* _Directions for this task_
All of the data below must be reproduced word for word, but without its images.

* _Provided material_
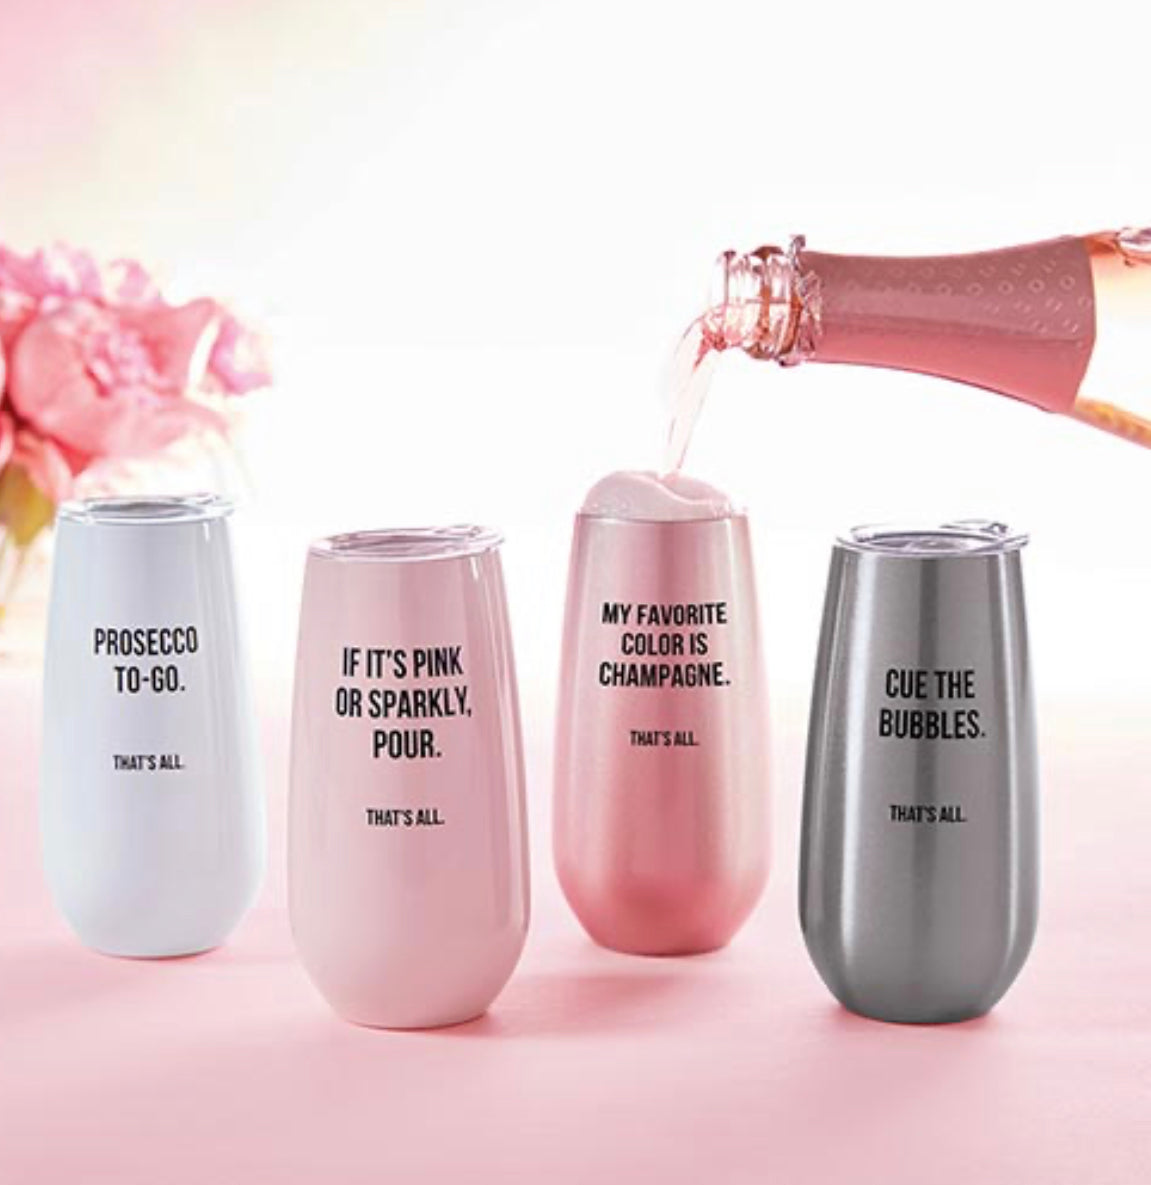 That's All® Champagne Tumbler - Cue the Bubbles
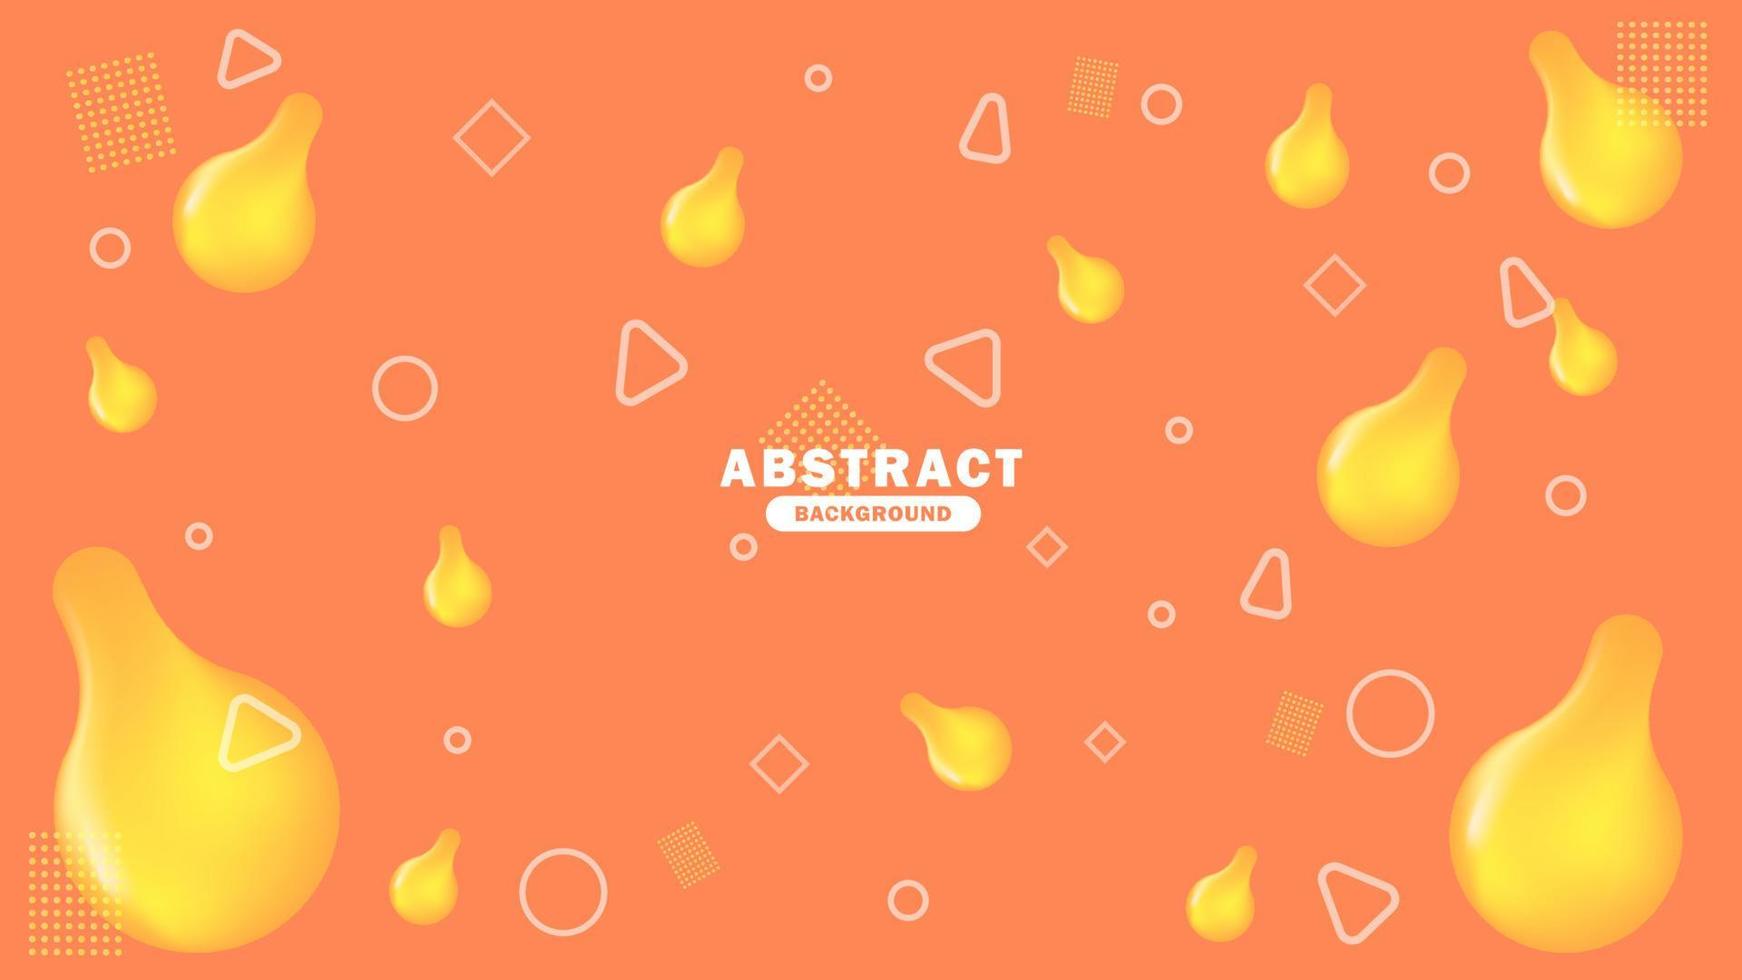 Abstract background template with lemon vector
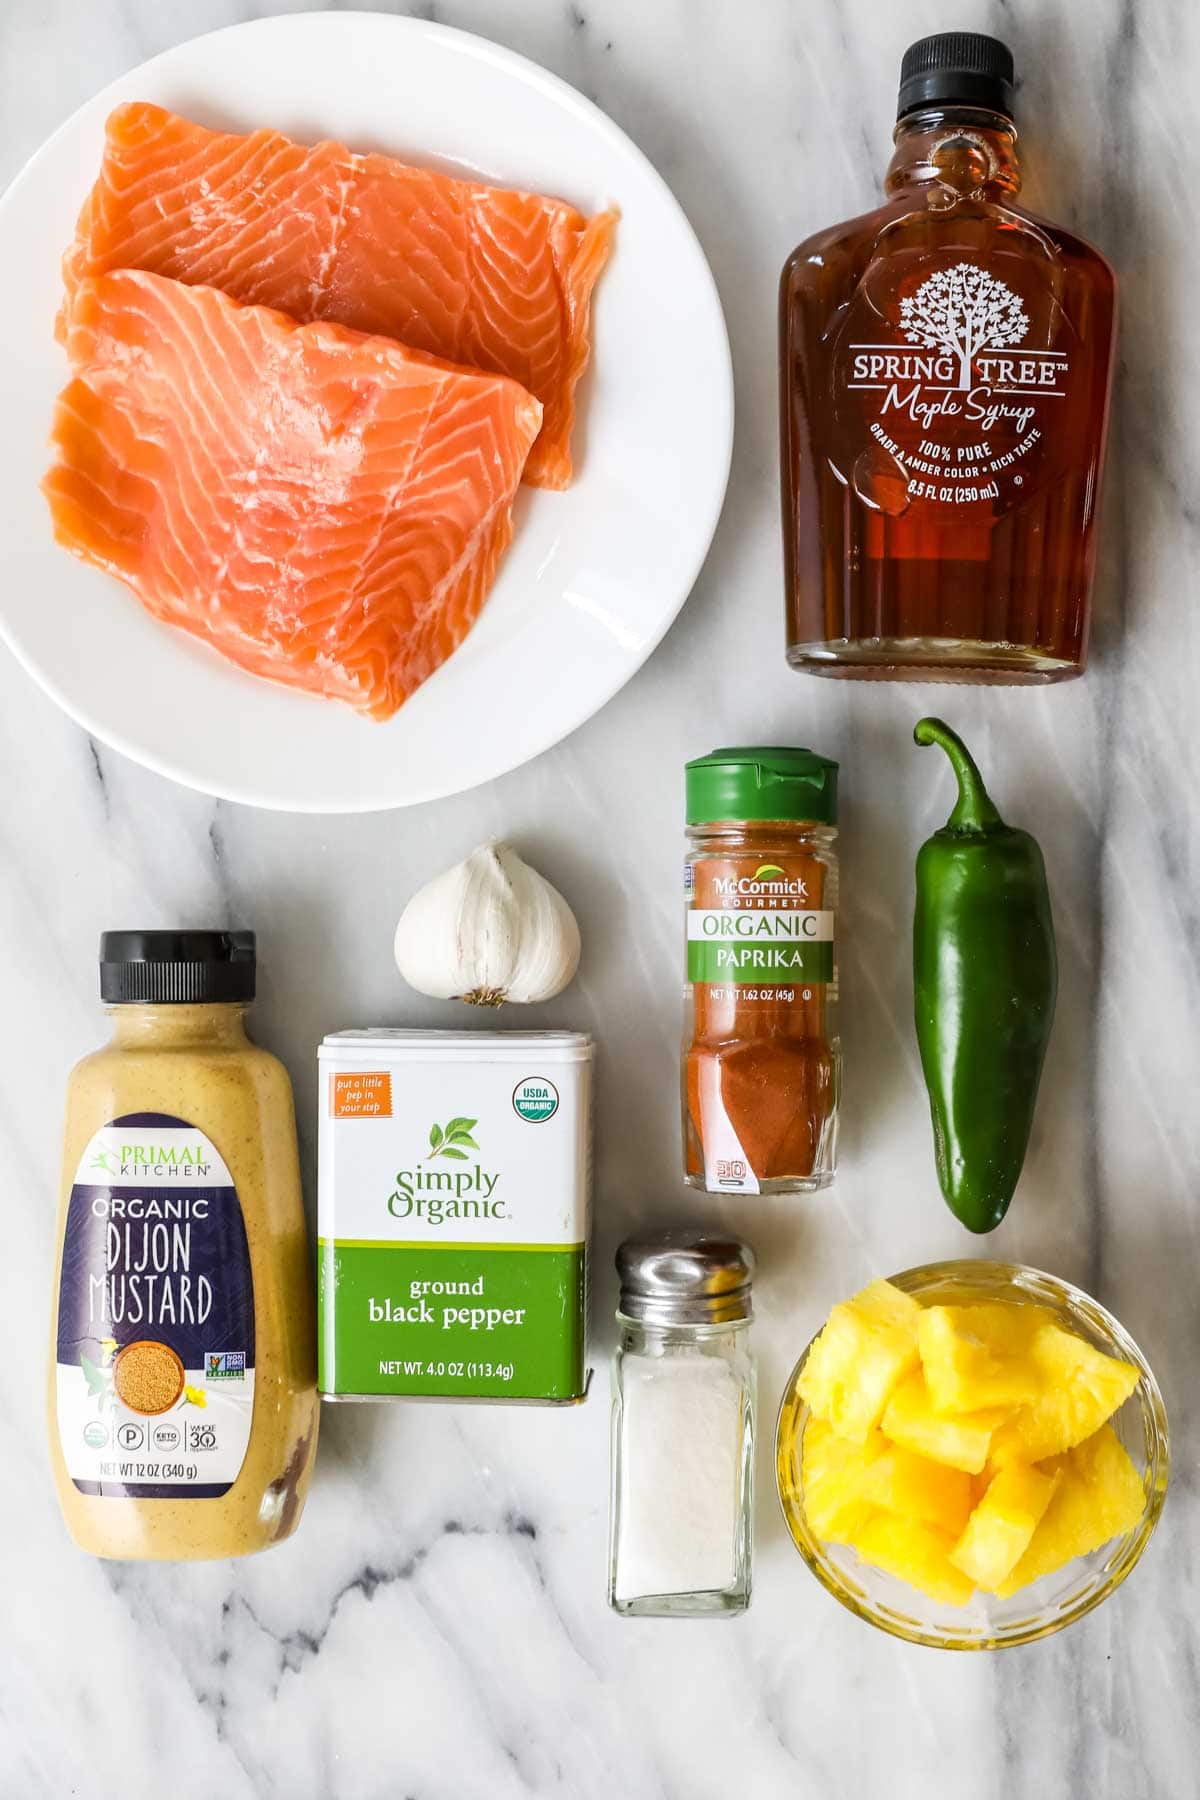 Overhead view of ingredients including salmon, maple syrup, pineapple, jalapeno, and more.
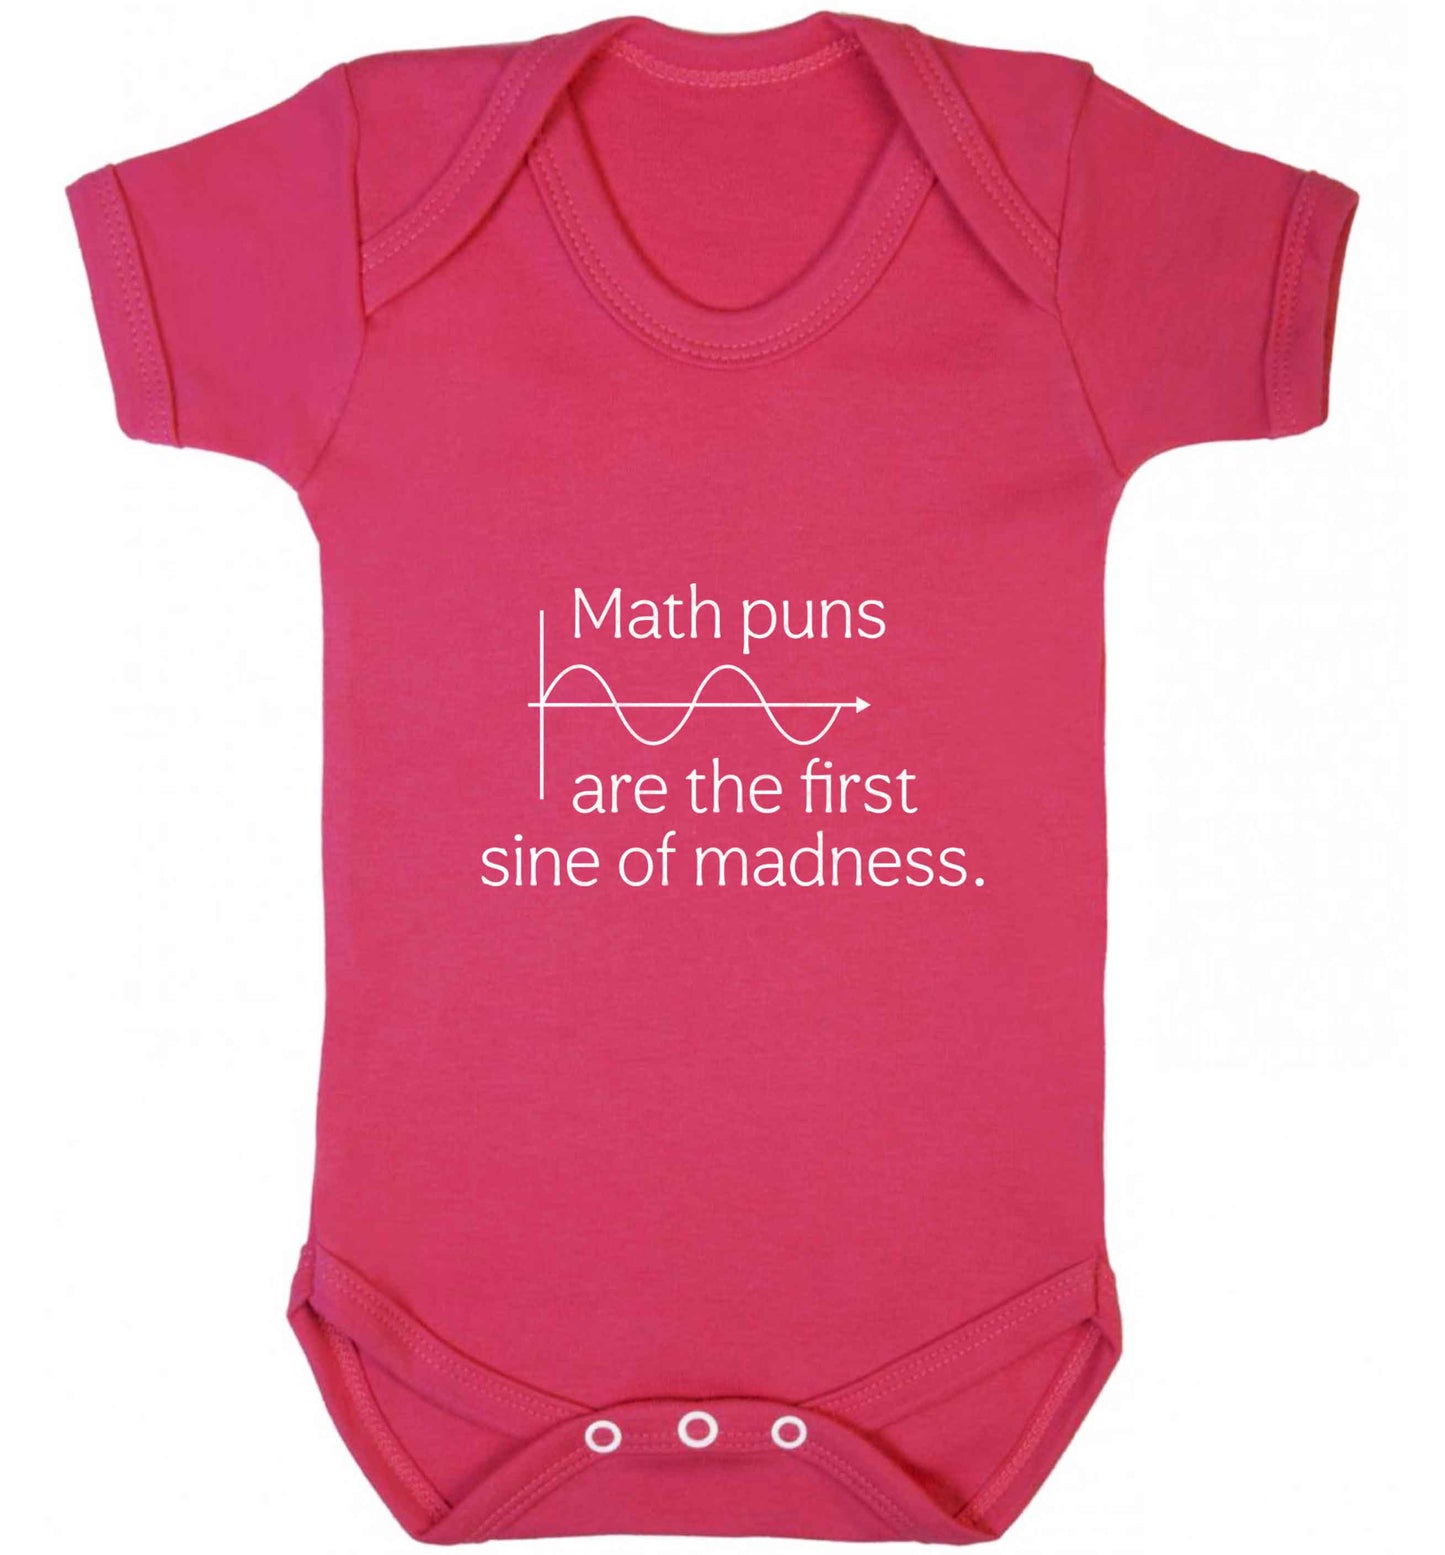 Math puns are the first sine of madness baby vest dark pink 18-24 months

* _Result below_
 That's All® Champagne Tumbler - Cue the Bubbles
 Abstract background template with lemon vector
 Overhead view of ingredients including salmon, maple syrup, pineapple, jalapeno, and more.
 Math puns are the first sine of madness baby vest dark pink 18-24 months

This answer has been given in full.